Arrestations de syndicalistes : Landry Abaga Essono s’interroge sur la notion de «trouble à l’ordre public»
Au lendemain du placement sous mandat de dépôt de plusieurs figures syndicales du secteur éducatif, le débat sur les limites du droit de grève et sa qualification pénale refait surface. Dans une déclaration publiée le 22 janvier 2026, Landry Abaga Essono, président du Syndicat national des magistrats du Gabon (SYNAMAG), exprime ses interrogations face à l’incrimination de « trouble à l’ordre public » dans un contexte de mobilisation sociale pourtant encadrée par la loi.
La sortie du président du SYNAMAG intervient dans unclimat social particulièrement tendu, marqué par la judiciarisation du mouvement de grève dans l’éducation. Sans commenter directement les procédures en cours, Landry Abaga Essono dit se sentir « interpellé » en tant que leader syndical, face à une décision qui pourrait, selon lui, faire jurisprudence pour l’ensemble du mouvement social gabonais.
Le droit de grève en question
Dans son propos, le magistrat syndicaliste pose une série de questions de fond. À quel moment, s’interroge-t-il, « l’observation ou le soutien à un mouvement de grève régulièrement déclenché » peut-il basculer dans l’incitation à la révolte contre les institutions de l’État ? Pour lui, la grève demeure, en droit, « un moyen légal d’action collective utilisé par des travailleurs pour faire pression sur leur employeur, en l’occurrence l’État, afin d’obtenir la satisfaction de revendications professionnelles ».
Rappelant les fondements juridiques de l’action syndicale, il souligne que la grève se définit par « la cessation collective et concertée du travail en vue d’appuyer des revendications professionnelles ». Dès lors, la qualification de trouble à l’ordre public lui paraît sujette à débat, au regard des principes consacrés par le droit du travail et les libertés syndicales.

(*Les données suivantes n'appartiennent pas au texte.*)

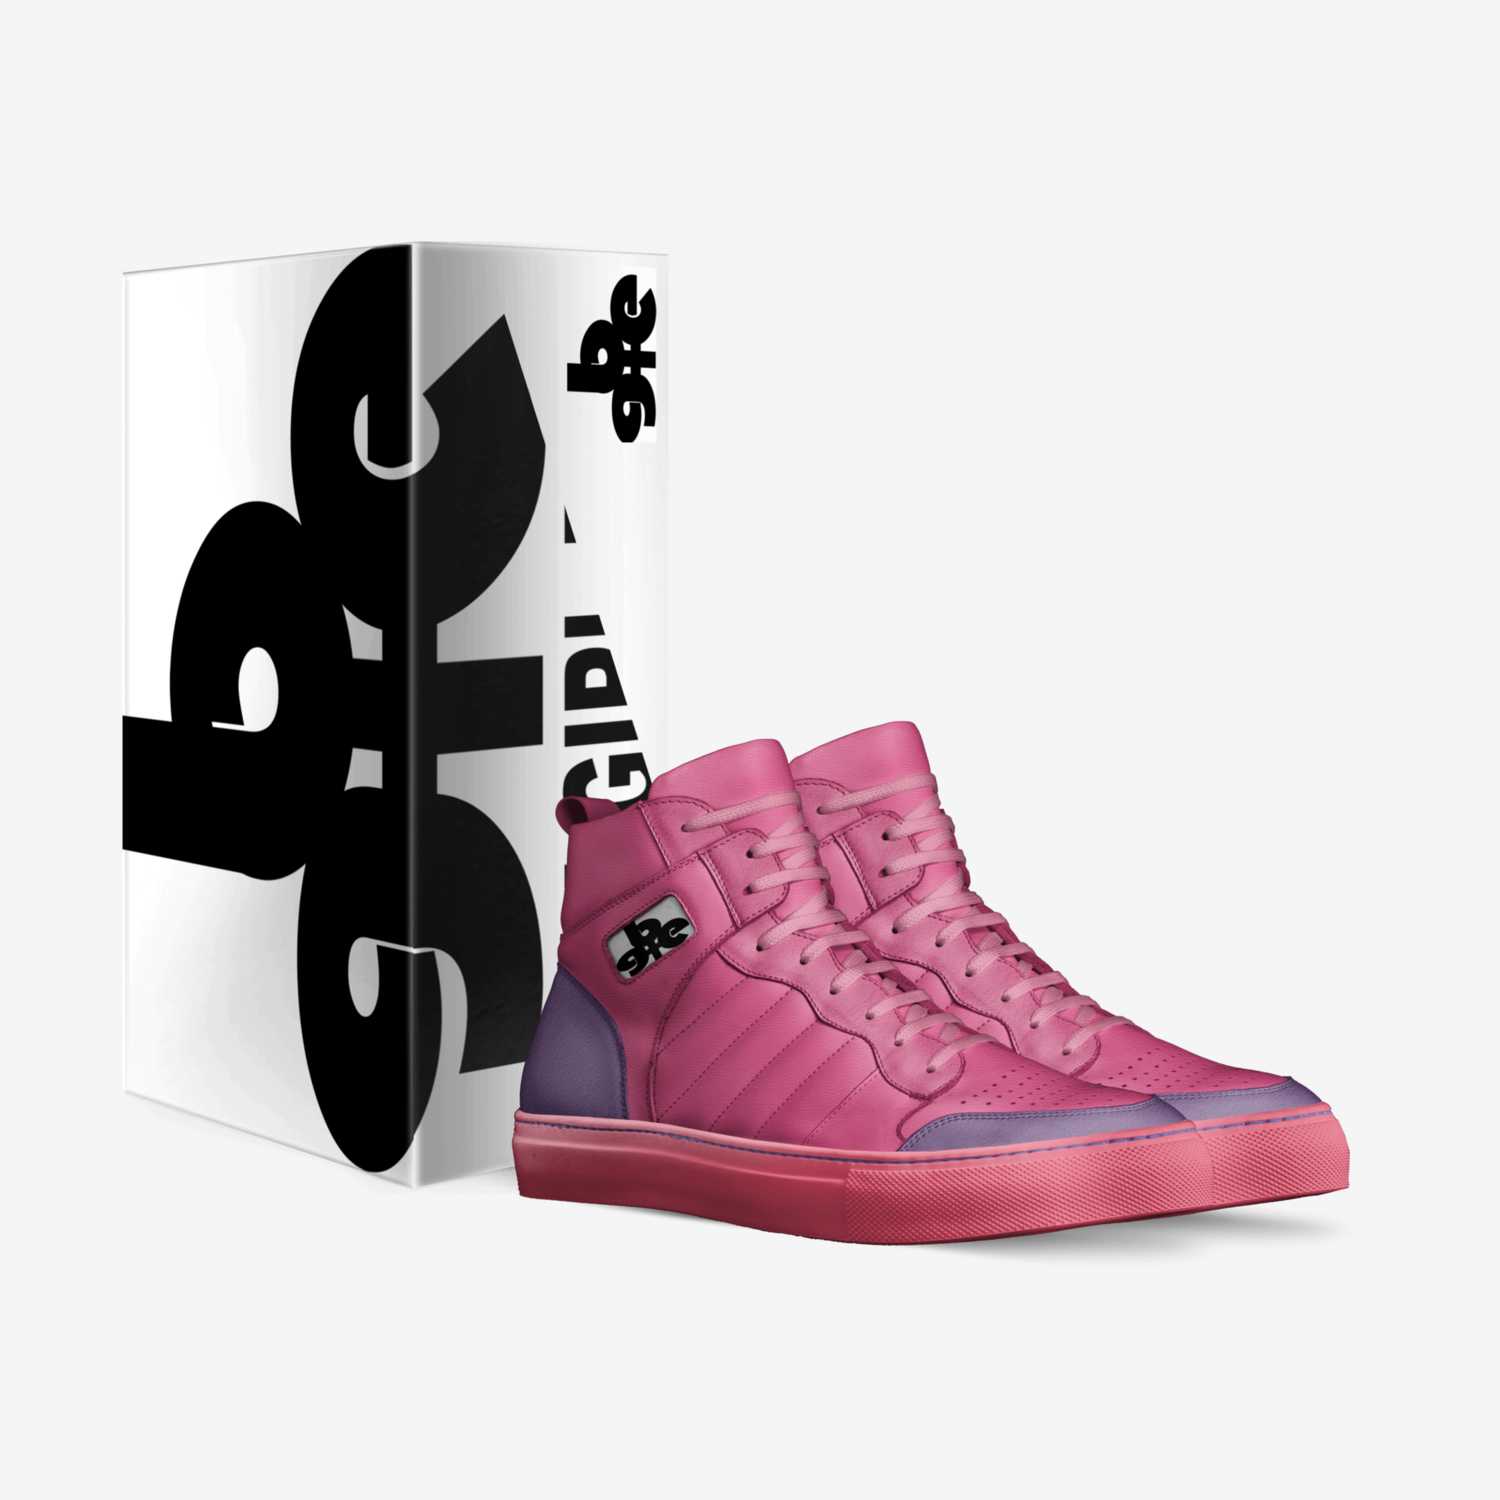 KB Pinky SJ1 custom made in Italy shoes by Baby-girl Elite | Box view

Une inquiétude partagée dans le monde syndical
Par une formule imagée – « Quand on égorge la poule, le canard observe et affûte son agilité » – Landry Abaga Essono laisse transparaître une inquiétude plus large au sein des organisations syndicales. Derrière l’affaire éducative, c’est la crainte d’un précédent judiciaire qui se dessine, susceptible de redéfinir les frontières entre revendication sociale et infraction pénale.
Sans conclure de manière péremptoire, le président du SYNAMAG insiste sur le caractère interrogatif de sa démarche. « Je m’interroge seulement », précise-t-il, appelant implicitement à une clarification juridique et institutionnelle, afin d’éviter toute confusion entre l’exercice d’un droit constitutionnel et la perturbation de l’ordre public.
Un débat juridique et politique ouvert
Cette prise de position relance un débat sensible au Gabon : celui de l’équilibre entre maintien de l’ordre public et respect des libertés syndicales. À l’heure où plusieurs secteurs restent sous tension, la question posée par Landry Abaga Essono dépasse le seul cas des enseignants. Elle interpelle l’ensemble des acteurs sociaux et institutionnels sur la lecture et l’application du droit de grève dans un État de droit.
Alors que la justice suit son cours, ces interrogations, émanant d’un magistrat syndicaliste, viennent rappeler que la sortie de crise sociale passe aussi par une clarification des règles du jeu juridique, afin de préserver à la fois la paix sociale et les libertés fondamentales.